Republican presidential candidate Dr. Ben Carson, a former neurosurgeon and 2016 candidate for president of the United States, caused an uproar recently when he claimed that gun control measures played a major role in the extermination of six million Jews during the Holocaust. 

“I think the likelihood of Hitler being able to accomplish his goals would have been greatly diminished if the people had been armed,” said Carson in an interview with CNN’s Wolf Blitzer on Oct. 8. 

The statement has been widely derided by the established Jewish community, including the Anti-Defamation League. Holocaust scholars have rightly pointed out that the argument hyperbolizes what was a relatively insignificant factor in the systematic persecution of minorities in Nazi Germany.

In his recently published book “A Perfect Union,” Carson writes that Nazis were able to accomplish their goals “through a combination of removing guns and disseminating deceitful propaganda.” The insinuation that confiscating guns was of comparable significance to the use of propaganda has never appeared in any “serious work of scholarship on the Nazi dictatorship,” according to Holocaust scholar Alan Steinweis. As ADL director Jonathan Greenblatt noted in response to Carson, propaganda and widespread anti-semitism was the preeminent cause of the genocide.

According to the National Review, gun legislation enacted in 1938 prevented Jews from working in the firearm industry and banned the ownership of certain types of ammunition. Even so, the law did not entirely take guns out of the hands of the Jewish population. One of the most iconic events of World War II was the Warsaw Ghetto Uprising, when around 750 Jews organized themselves into a self-defense unit to resist deportation to death camps. The resistance succeeded in turning what was supposed to be a three-day liquidation of the ghetto into a month-long battle before finally succumbing to a German force of 2,000. Their resistance inspired similar uprisings in other ghettos and death camps across Europe. However, as many scholars have pointed out, such attempts were never going to be anything more than symbolic. 

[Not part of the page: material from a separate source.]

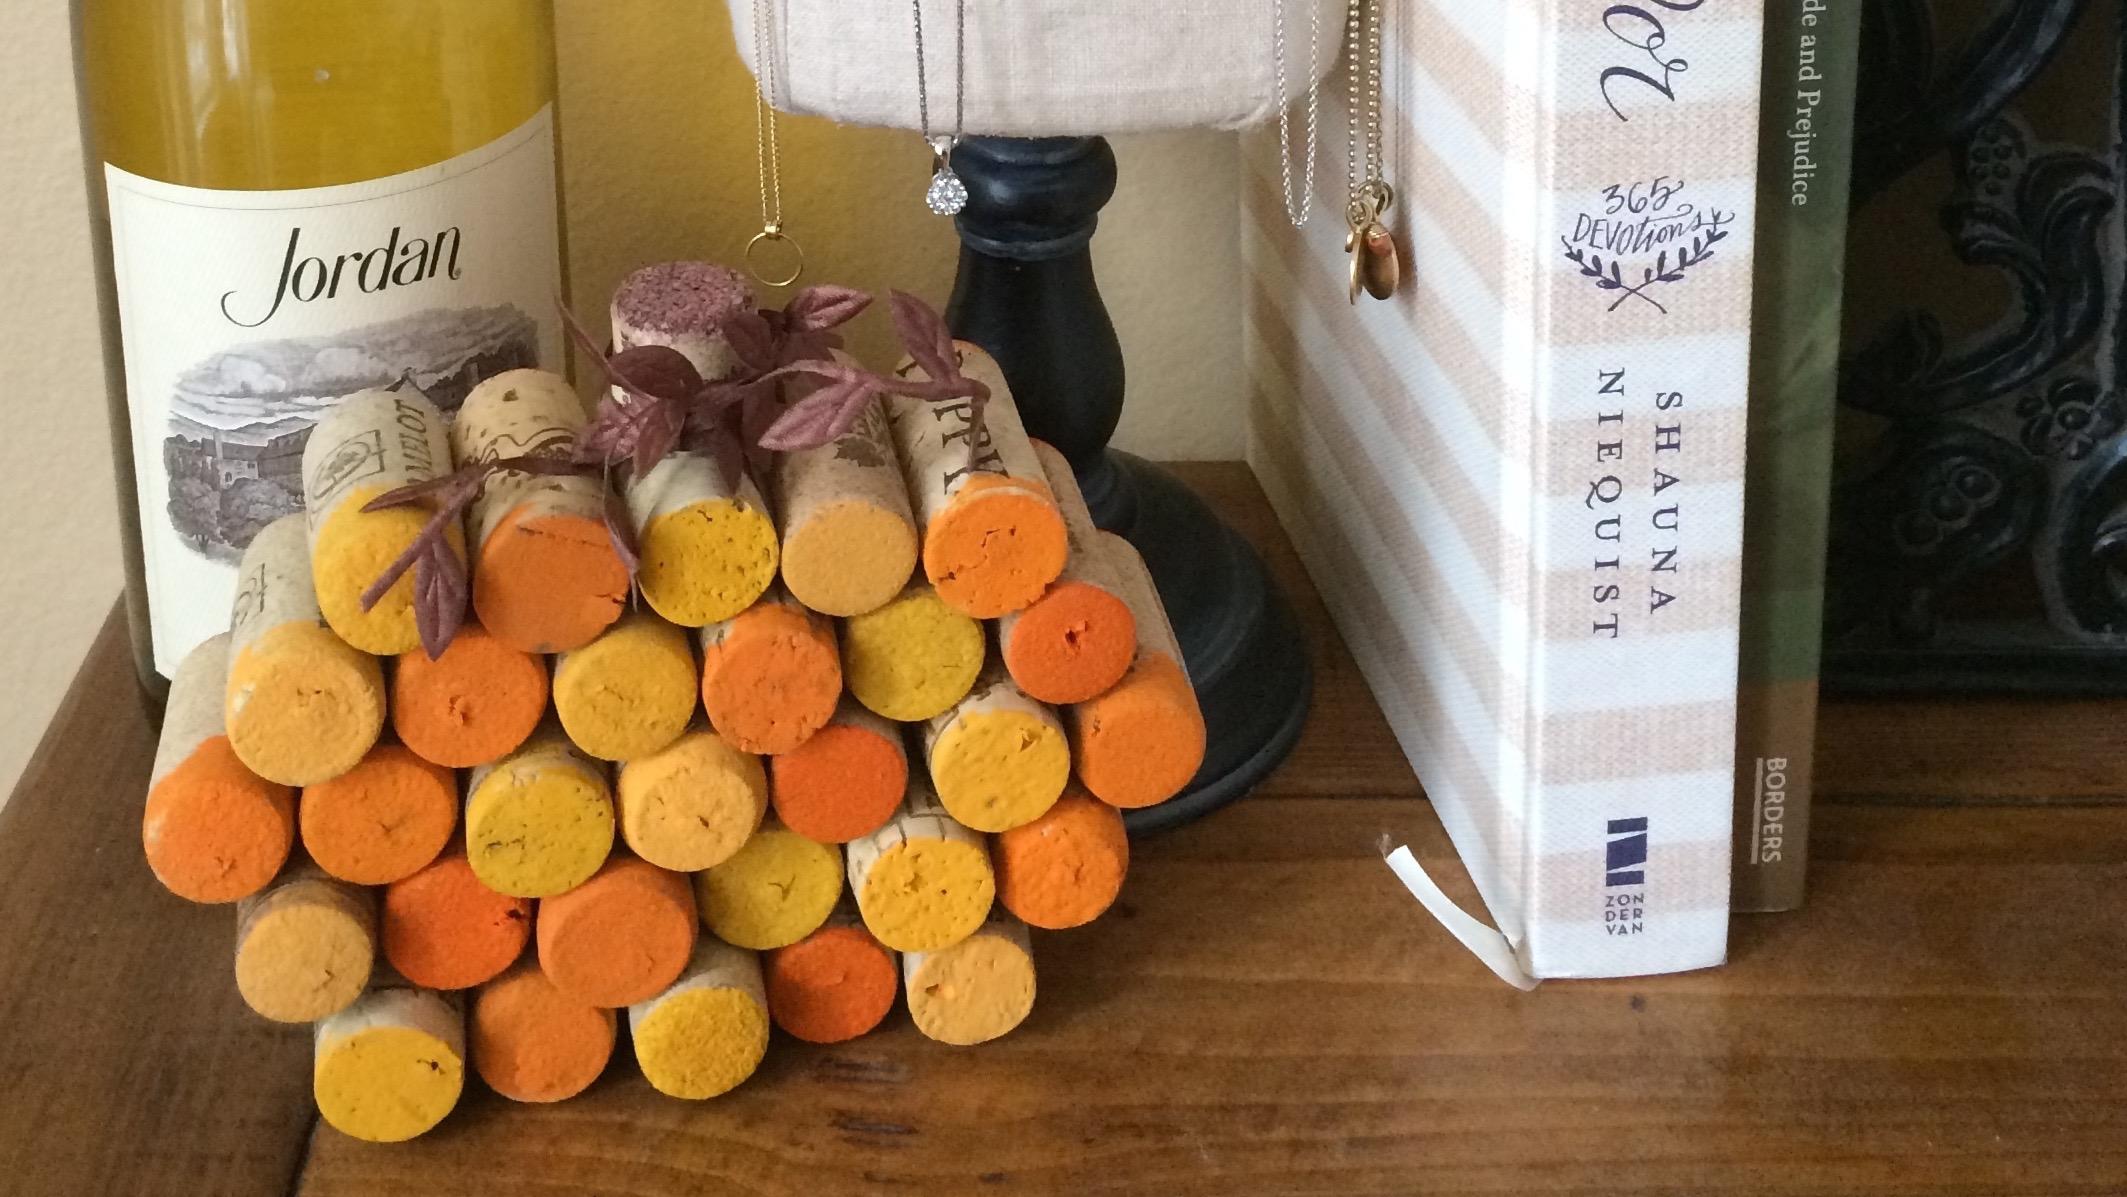 DIY Wine Cork Pumpkin on Display with Wine

According to Time Magazine, there were approximately 200,000 Jews under the control of Germany in 1938. The idea that an untrained group of that size could have overthrown an army which successfully conquered much of Europe is preposterous. Interestingly enough, not even Carson or those who agree with him have gone so far as to say that such a rebellion would have been possible. Rather, Carson says that the chance of Hitler succeeding would have been “greatly diminished.” Dr. Keith Ablow of Fox News backed up Carson’s obscure claim in an op-ed, saying that when Jews were stripped of the right to own guns, “they surrendered the demonstrated intention, at all costs, to resist being deprived of liberty.” 

The question then becomes why Dr. Carson and others are so fixated by a solution which they admit would have only allowed European Jews to symbolically resist. The reason lies in the fact that the Republican party is clambering for historical examples to show positive aspects of lax gun regulations in developed countries. Few exist in a world where countries with the highest rates of gun ownership also have the highest number of deaths by gun. The United States has had 10,734 fatalities resulting from gun violence this year. We have nearly 30 times the number of per capita gun murders as the United Kingdom, which has far stricter gun laws, according to the BBC. 

Perhaps another reason for such backward thinking on the part of Carson and his ideological contemporaries is that the real solution to saving Jews during the Holocaust is inconsistent with another aspect of their political ideology.

In 1938, thirty-two countries met in Evian, France to discuss a solution for saving European Jewry. The discussion did not center around arming Jews under Germany’s control. It dealt with the only logical solution for how to save them: immigration. 

In response to the conference, the German government stated that it would allow for Jews to be transported to other countries if they agreed to take them in, according to Ronnie Landau, author of “The Nazi Holocaust.” However, that never happened. 

Most countries that attended the conference, including the United States and Great Britain, refused to take in more refugees. The Wagner-Rogers Bill of 1939 would have admitted 20,000 Jewish refugee children into the United States, but Congressmen were dissuaded from supporting the legislation by anti-immigration groups who claimed that an influx of refugees who required government services would serve to deprive American children of aid. 

 According to the United States Holocaust Memorial Museum, our country’s reluctance to take in Jewish refugees was inspired by longstanding xenophobia in the early 20th century. Anti-immigrant sentiments were often manifested in newspaper and magazine cartoons which perpetuated stereotypes. Already-existing immigration quotas established in 1924 targeted immigrants of certain ethnicities.

Ironically, the same sentiments still thrive among American conservatives, and have manifested themselves in especially ugly forms during the current election season. While Carson says he supports establishing a guest-worker program as an alternative to deporting illegal immigrants, he has joined his contemporary Donald Trump in expressing the need to deter illegal immigration through increased border security. 

There are many lessons that policymakers should glean from the Holocaust, but how to construct gun policy certainly is not one of them. Carson’s comments insult the memories of those who perished in the Holocaust whose fates are being used to push irrelevant political agendas. If Carson truly wants the lessons of the Holocaust to influence his ideology, he will make a point of pushing back against the xenophobia of his party and preach acceptance of those who come from different backgrounds.